Exercise aim: Wherever an image appears in the data, omit it and copy all the remaining text word for word.

Dataset content:
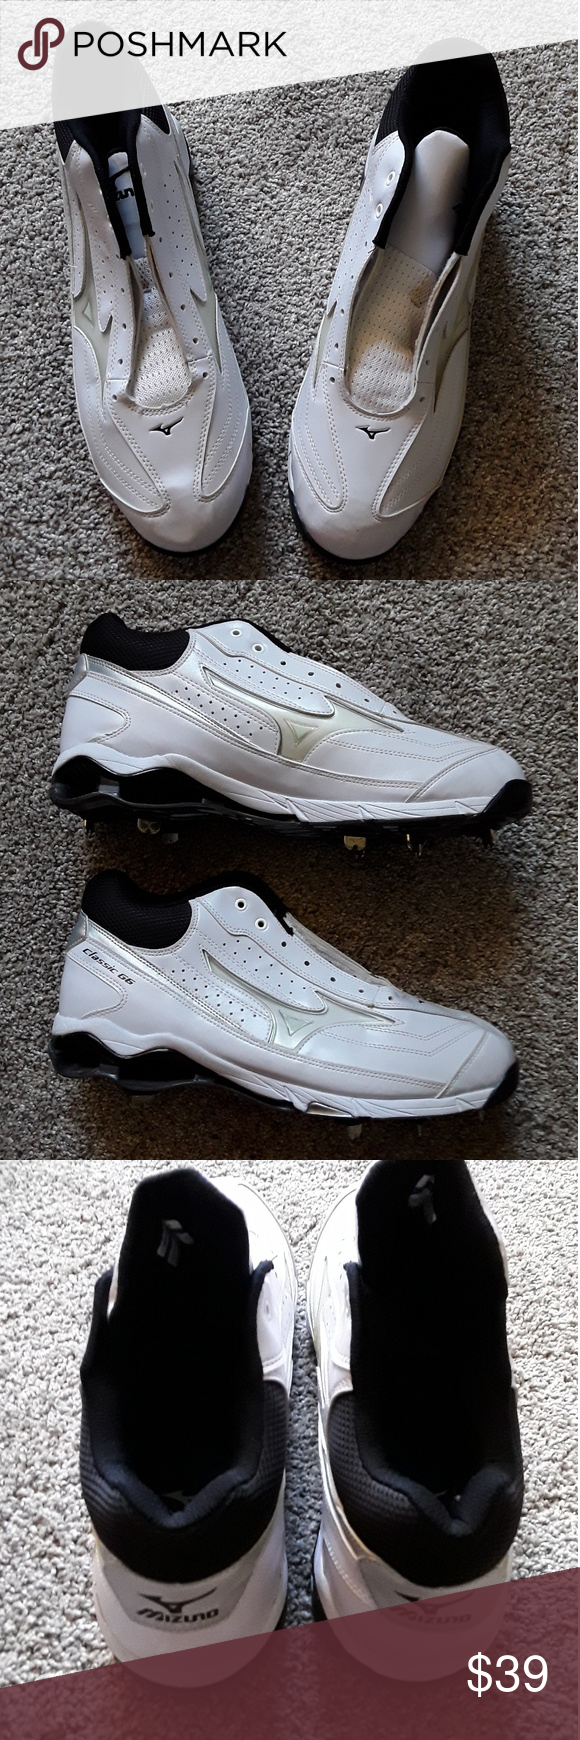 Mizuno Baseball Cleats Shoes Size 14 New Nwt Cleats Shoes Mizuno Shoes Baseball Cleats
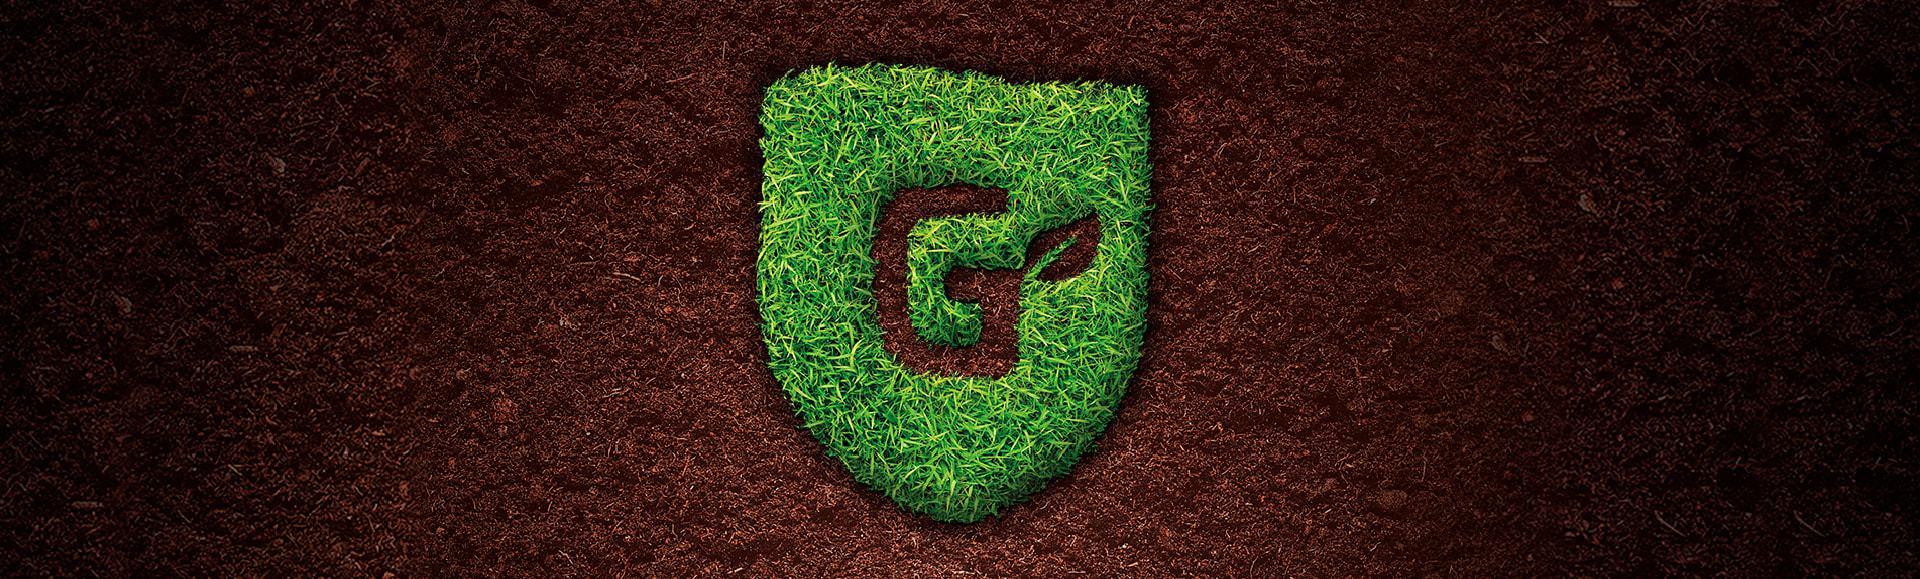 Branding e Identidad corporativa para marca Groway. Grupo Miralbueno
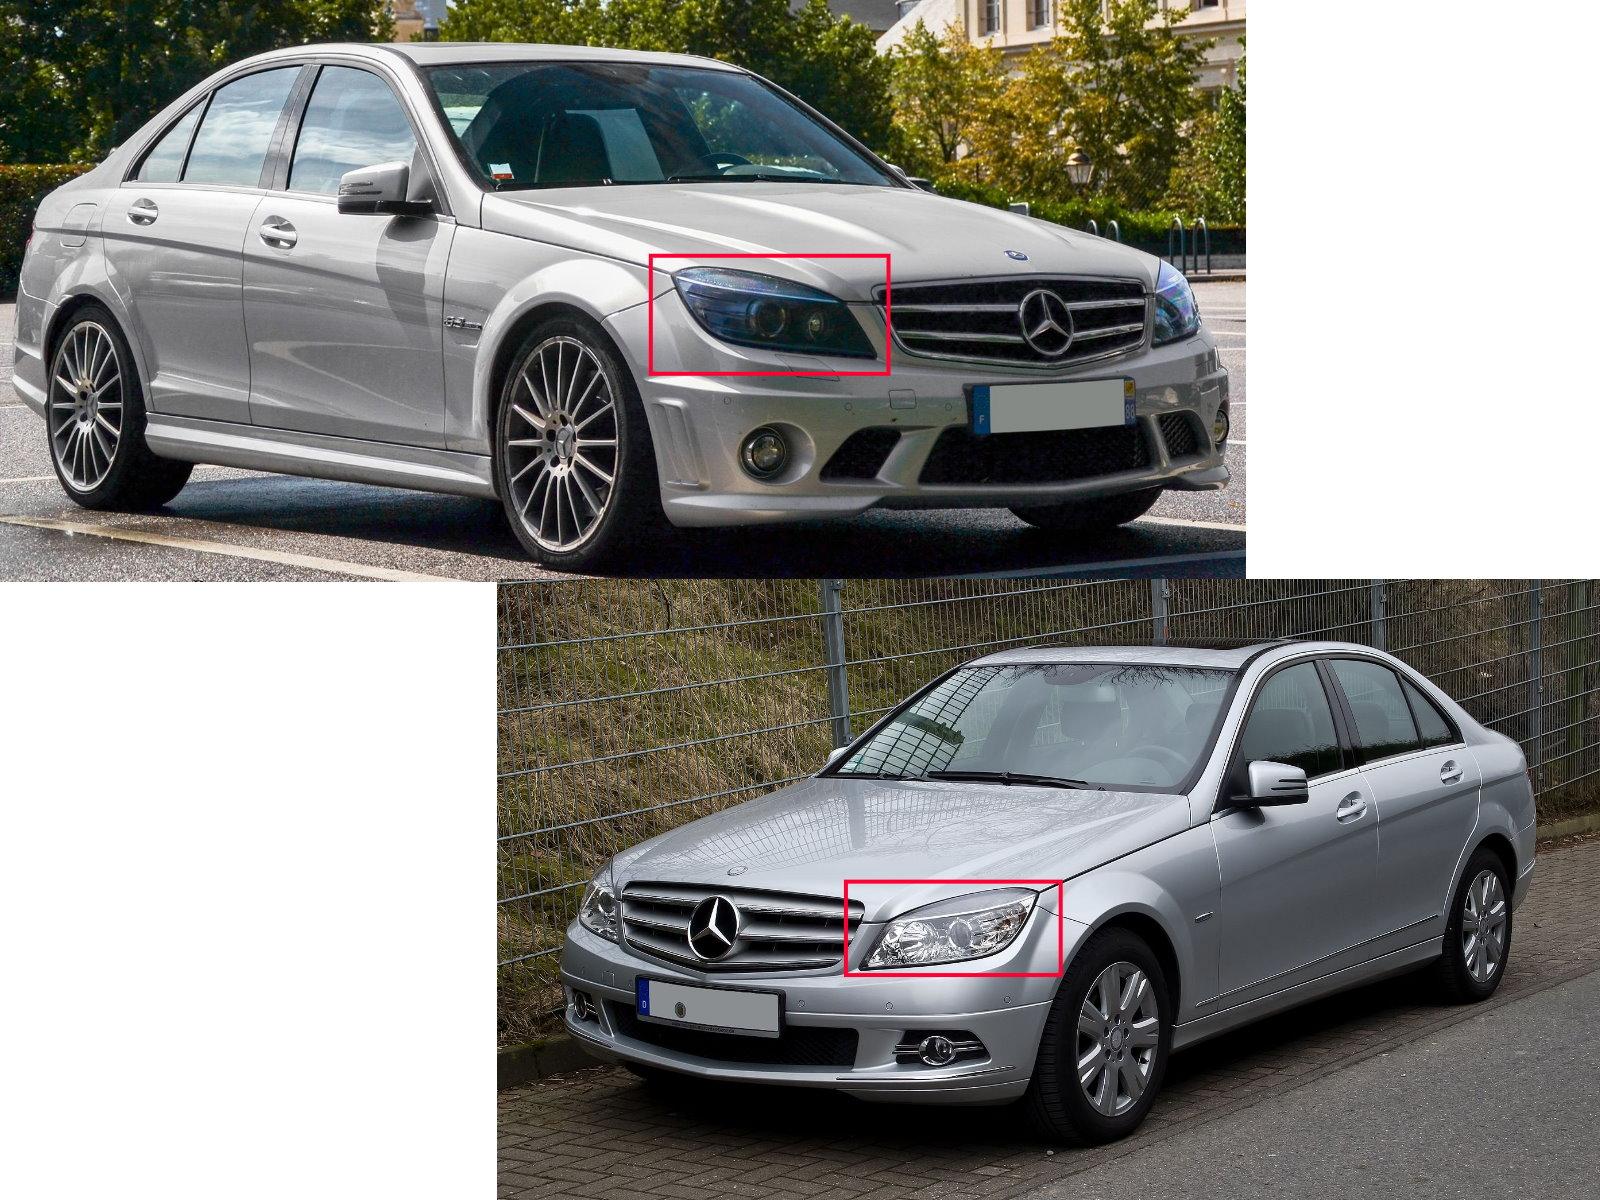 Details about W204 08-11 PRE-FACELIFT Cotton LED Angel-Eye Headlight BK for  Mercedes-Benz RHD

Result for this exercise:
 Mizuno Baseball Cleats Shoes Size 14 New Nwt Cleats Shoes Mizuno Shoes Baseball Cleats
 Branding e Identidad corporativa para marca Groway. Grupo Miralbueno
 Details about W204 08-11 PRE-FACELIFT Cotton LED Angel-Eye Headlight BK for  Mercedes-Benz RHD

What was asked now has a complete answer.